Ummm, I guess I just violated the “tl;dr” principle by writing a tl;dr summary that itself was a long paragraph. That’s academic writing for ya! Whatever.

The biggest issue with measurement is the difficulty in getting any funding at all to develop and validate (truly validate) measurement instruments. Most of the measures out there in the fields I work in were developed as sidelines from the “real” research the investigators were doing that needed an instrument. As such, they tend to be rather under-developed and under-tested.

Josiah Stamp, via Peter Kennedy: The Government are very keen on amassing statistics – they collect them, add them, raise them to the nth

power, take the cube root and prepare wonderful diagrams. But what you must never forget is that every one of those figures comes in the first instance from the village watchman, who just puts down what he damn pleases.

There is, in a lot of economics work, the notion that “I found the data in a reputable source… now I can analyze them as if they are accurate.”

Statistics literally means the science of the state.

While it is correct to say that measurement in chemistry can be very precise, it is often the case that the values of interest are not single values but are the results of calculations from several measured values. What this leads to is a propagation of errors so that the eventual number will not be anywhere near as precise as the individual measurements that are made. At this point it becomes important to understand where the highest level of variability comes from in order to target improvements in that. I find that the arguments about the importance of measurement retain value, even in fields where this might not obviously be the case.

Good points. Thanks.

“it is often the case that the values of interest are not single values but are the results of calculations from several measured values”

Perhaps but not necessarily. I’ve worked extensively with mass-spec data for major and trace elements, assay, microprobe data and isotope ratios and each data type has similar errors at similar concentrations.

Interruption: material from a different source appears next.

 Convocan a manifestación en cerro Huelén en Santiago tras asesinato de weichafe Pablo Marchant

There are lots of ways to reduce error. Splitting and running multiple analysis of samples is a common approach. In the mining industry it’s common to split samples and run multiples, as well as to insert standards and blanks into the sample stream, then analyze drill core in downhole sequence to ensure large values don’t bleed across samples.

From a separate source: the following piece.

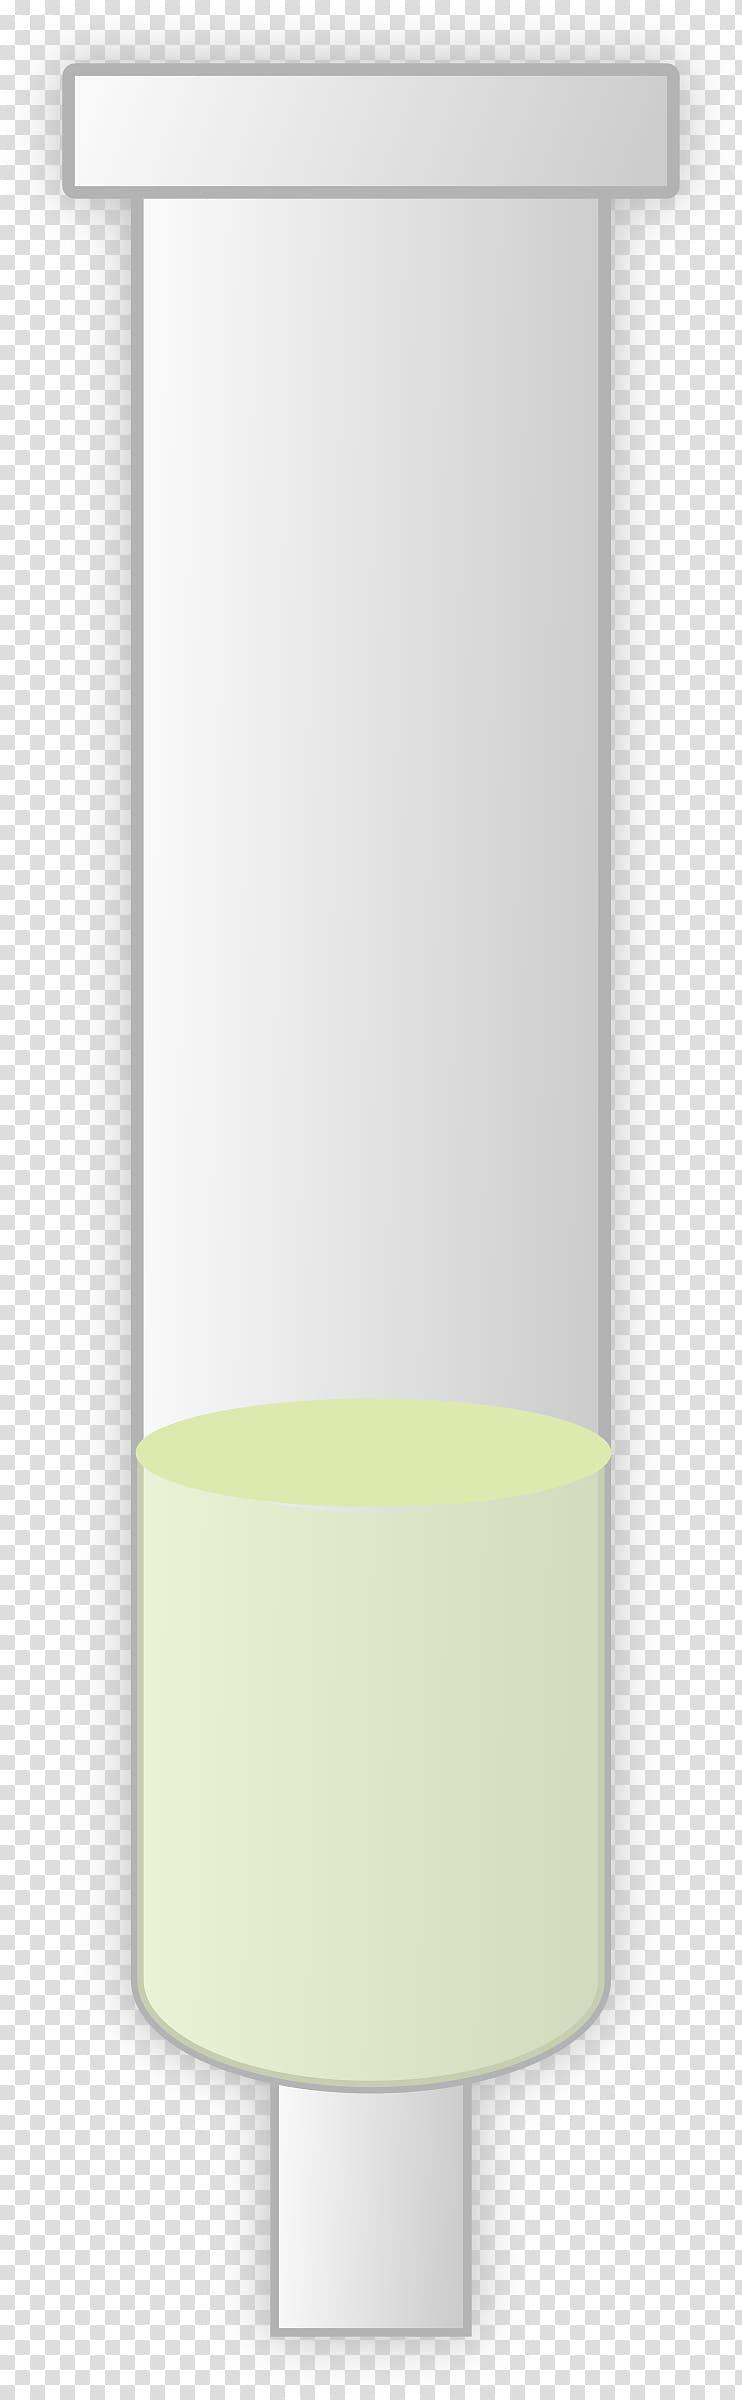 Chromatography Column transparent background PNG cliparts.

Isotopic geochemists use a wide variety of checks on their data, commonly using multiple aliquots from a sample and obtaining data from different systems. The U-Pb system for example has two independent decay chains with different half-lives that generate highly accurate ages for rocks as old as 4.5billion.

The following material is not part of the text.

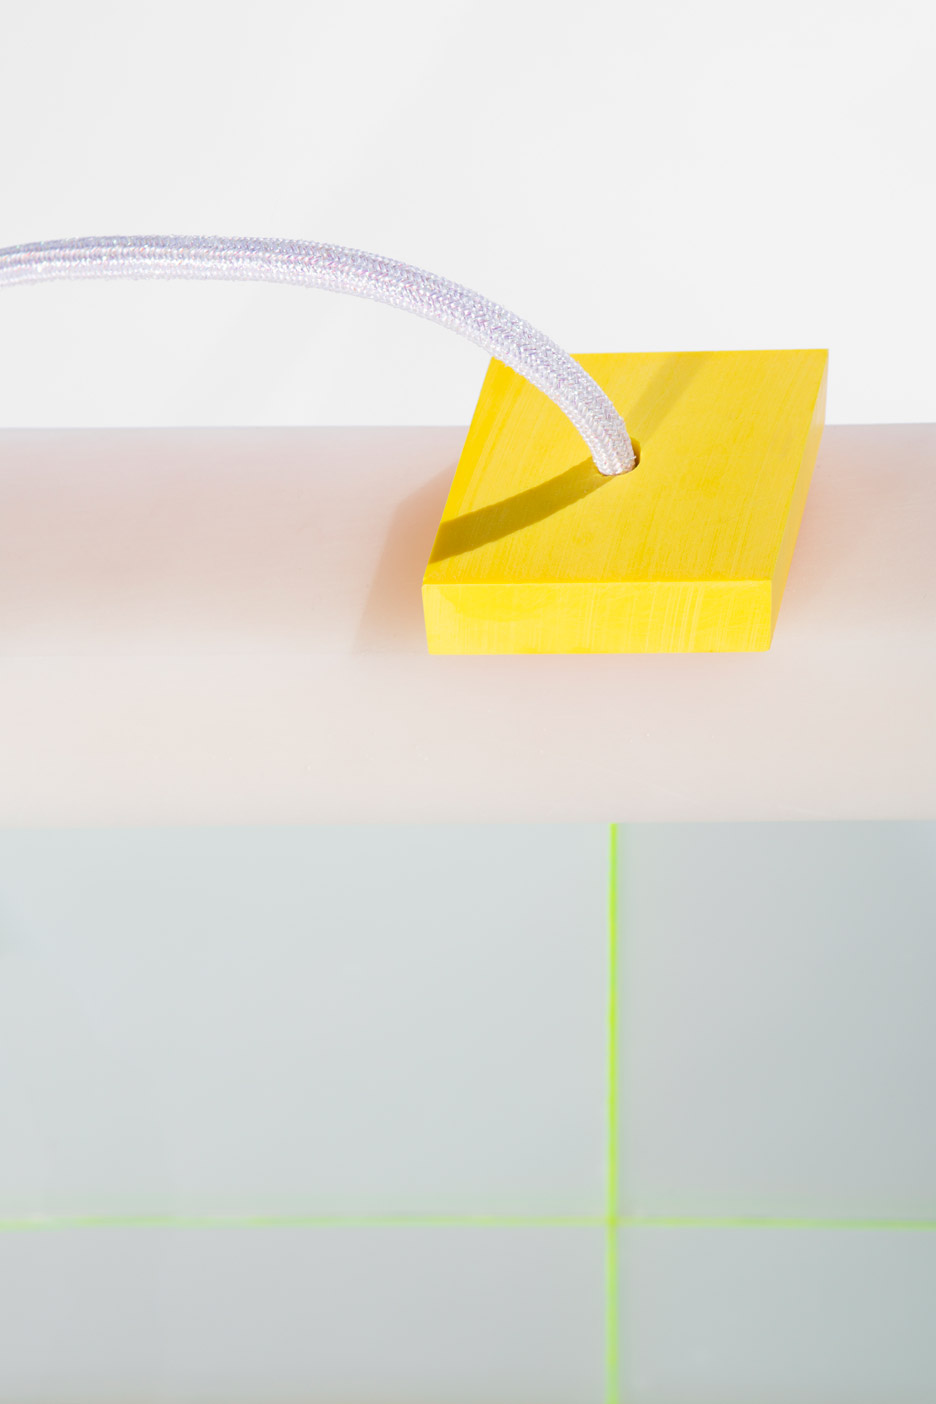 Absurd electronics by Dan Adlešič

jim – that all makes sense, thanks. Where I see the combination of errors is in aspects such as the calculation of a reaction yield, which combines weighings and analysis. Each weighing in itself combines two measures (the high and low value) so there is an error in each. There will be the weighings of the material inputs and outputs as well as the weighings of the sample and standard for the analysis. The peak size of the analytical peaks is estimated and then all of this is fed into a set of calculations. All of that ignores the sampling variability, which can be important (particularly if the material has an appreciable moisture content for example). What this means is that it is not unusual to have a standard deviation on a yield of 2-3%. This may not sound a lot, but a financially important difference could be less than that. I don’t believe that the discussion of the importance of measurement is restricted to social and psychological sciences, but is relevant to the more ‘old fashioned’ sciences as well.

Tom – good points. I don’t have any experience with industrial chemistry. I’m sure a small error can be financially relevant. Actually though I have had experience doing a similar thing: calculating grade / tonnage / total resource recovery in a mining block. In that case though the variation far outweighs the measurement error.